• **WHAT THE EXERCISE ASKS**
Could you write out the data that follows, exactly and in full?

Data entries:
● ● ● ● ● ● ●

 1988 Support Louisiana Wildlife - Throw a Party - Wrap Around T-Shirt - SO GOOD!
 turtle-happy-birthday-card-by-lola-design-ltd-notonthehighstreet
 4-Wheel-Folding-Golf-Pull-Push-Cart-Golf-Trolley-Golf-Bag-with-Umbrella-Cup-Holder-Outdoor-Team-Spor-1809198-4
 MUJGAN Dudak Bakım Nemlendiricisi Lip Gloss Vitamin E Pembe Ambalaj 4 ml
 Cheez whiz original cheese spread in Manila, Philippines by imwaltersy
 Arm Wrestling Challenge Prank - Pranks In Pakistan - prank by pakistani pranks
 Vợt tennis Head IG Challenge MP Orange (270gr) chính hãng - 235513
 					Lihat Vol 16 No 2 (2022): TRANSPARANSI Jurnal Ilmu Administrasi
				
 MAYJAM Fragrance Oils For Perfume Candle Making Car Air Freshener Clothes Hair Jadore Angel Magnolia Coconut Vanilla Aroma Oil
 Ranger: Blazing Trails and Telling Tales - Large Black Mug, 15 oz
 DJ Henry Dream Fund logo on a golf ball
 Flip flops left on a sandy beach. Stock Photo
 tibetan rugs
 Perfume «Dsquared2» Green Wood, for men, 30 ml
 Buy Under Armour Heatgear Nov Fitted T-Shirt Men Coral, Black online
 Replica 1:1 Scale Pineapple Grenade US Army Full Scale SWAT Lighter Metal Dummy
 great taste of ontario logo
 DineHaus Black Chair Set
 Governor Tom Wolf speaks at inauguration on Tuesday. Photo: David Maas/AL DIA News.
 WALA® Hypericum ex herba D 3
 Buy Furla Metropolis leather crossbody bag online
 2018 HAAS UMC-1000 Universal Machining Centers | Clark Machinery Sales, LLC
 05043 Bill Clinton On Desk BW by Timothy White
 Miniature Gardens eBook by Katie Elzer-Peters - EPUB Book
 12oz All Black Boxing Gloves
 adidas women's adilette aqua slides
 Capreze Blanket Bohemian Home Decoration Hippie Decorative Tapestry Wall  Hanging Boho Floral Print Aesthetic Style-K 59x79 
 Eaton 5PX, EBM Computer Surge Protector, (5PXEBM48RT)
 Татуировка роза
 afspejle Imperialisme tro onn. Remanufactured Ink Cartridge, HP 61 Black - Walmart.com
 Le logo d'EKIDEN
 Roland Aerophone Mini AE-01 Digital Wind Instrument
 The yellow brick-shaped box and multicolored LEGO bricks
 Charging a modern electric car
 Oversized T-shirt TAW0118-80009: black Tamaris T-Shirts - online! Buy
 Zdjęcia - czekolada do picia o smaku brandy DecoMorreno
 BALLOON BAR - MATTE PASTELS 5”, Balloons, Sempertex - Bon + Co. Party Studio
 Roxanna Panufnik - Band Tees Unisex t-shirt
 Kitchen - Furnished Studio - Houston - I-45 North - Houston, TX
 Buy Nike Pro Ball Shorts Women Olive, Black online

● ● ● ● ● ● ●

• **EXERCISE RESULT**
 1988 Support Louisiana Wildlife - Throw a Party - Wrap Around T-Shirt - SO GOOD!
 turtle-happy-birthday-card-by-lola-design-ltd-notonthehighstreet
 4-Wheel-Folding-Golf-Pull-Push-Cart-Golf-Trolley-Golf-Bag-with-Umbrella-Cup-Holder-Outdoor-Team-Spor-1809198-4
 MUJGAN Dudak Bakım Nemlendiricisi Lip Gloss Vitamin E Pembe Ambalaj 4 ml
 Cheez whiz original cheese spread in Manila, Philippines by imwaltersy
 Arm Wrestling Challenge Prank - Pranks In Pakistan - prank by pakistani pranks
 Vợt tennis Head IG Challenge MP Orange (270gr) chính hãng - 235513
 					Lihat Vol 16 No 2 (2022): TRANSPARANSI Jurnal Ilmu Administrasi
				
 MAYJAM Fragrance Oils For Perfume Candle Making Car Air Freshener Clothes Hair Jadore Angel Magnolia Coconut Vanilla Aroma Oil
 Ranger: Blazing Trails and Telling Tales - Large Black Mug, 15 oz
 DJ Henry Dream Fund logo on a golf ball
 Flip flops left on a sandy beach. Stock Photo
 tibetan rugs
 Perfume «Dsquared2» Green Wood, for men, 30 ml
 Buy Under Armour Heatgear Nov Fitted T-Shirt Men Coral, Black online
 Replica 1:1 Scale Pineapple Grenade US Army Full Scale SWAT Lighter Metal Dummy
 great taste of ontario logo
 DineHaus Black Chair Set
 Governor Tom Wolf speaks at inauguration on Tuesday. Photo: David Maas/AL DIA News.
 WALA® Hypericum ex herba D 3
 Buy Furla Metropolis leather crossbody bag online
 2018 HAAS UMC-1000 Universal Machining Centers | Clark Machinery Sales, LLC
 05043 Bill Clinton On Desk BW by Timothy White
 Miniature Gardens eBook by Katie Elzer-Peters - EPUB Book
 12oz All Black Boxing Gloves
 adidas women's adilette aqua slides
 Capreze Blanket Bohemian Home Decoration Hippie Decorative Tapestry Wall  Hanging Boho Floral Print Aesthetic Style-K 59x79 
 Eaton 5PX, EBM Computer Surge Protector, (5PXEBM48RT)
 Татуировка роза
 afspejle Imperialisme tro onn. Remanufactured Ink Cartridge, HP 61 Black - Walmart.com
 Le logo d'EKIDEN
 Roland Aerophone Mini AE-01 Digital Wind Instrument
 The yellow brick-shaped box and multicolored LEGO bricks
 Charging a modern electric car
 Oversized T-shirt TAW0118-80009: black Tamaris T-Shirts - online! Buy
 Zdjęcia - czekolada do picia o smaku brandy DecoMorreno
 BALLOON BAR - MATTE PASTELS 5”, Balloons, Sempertex - Bon + Co. Party Studio
 Roxanna Panufnik - Band Tees Unisex t-shirt
 Kitchen - Furnished Studio - Houston - I-45 North - Houston, TX
 Buy Nike Pro Ball Shorts Women Olive, Black online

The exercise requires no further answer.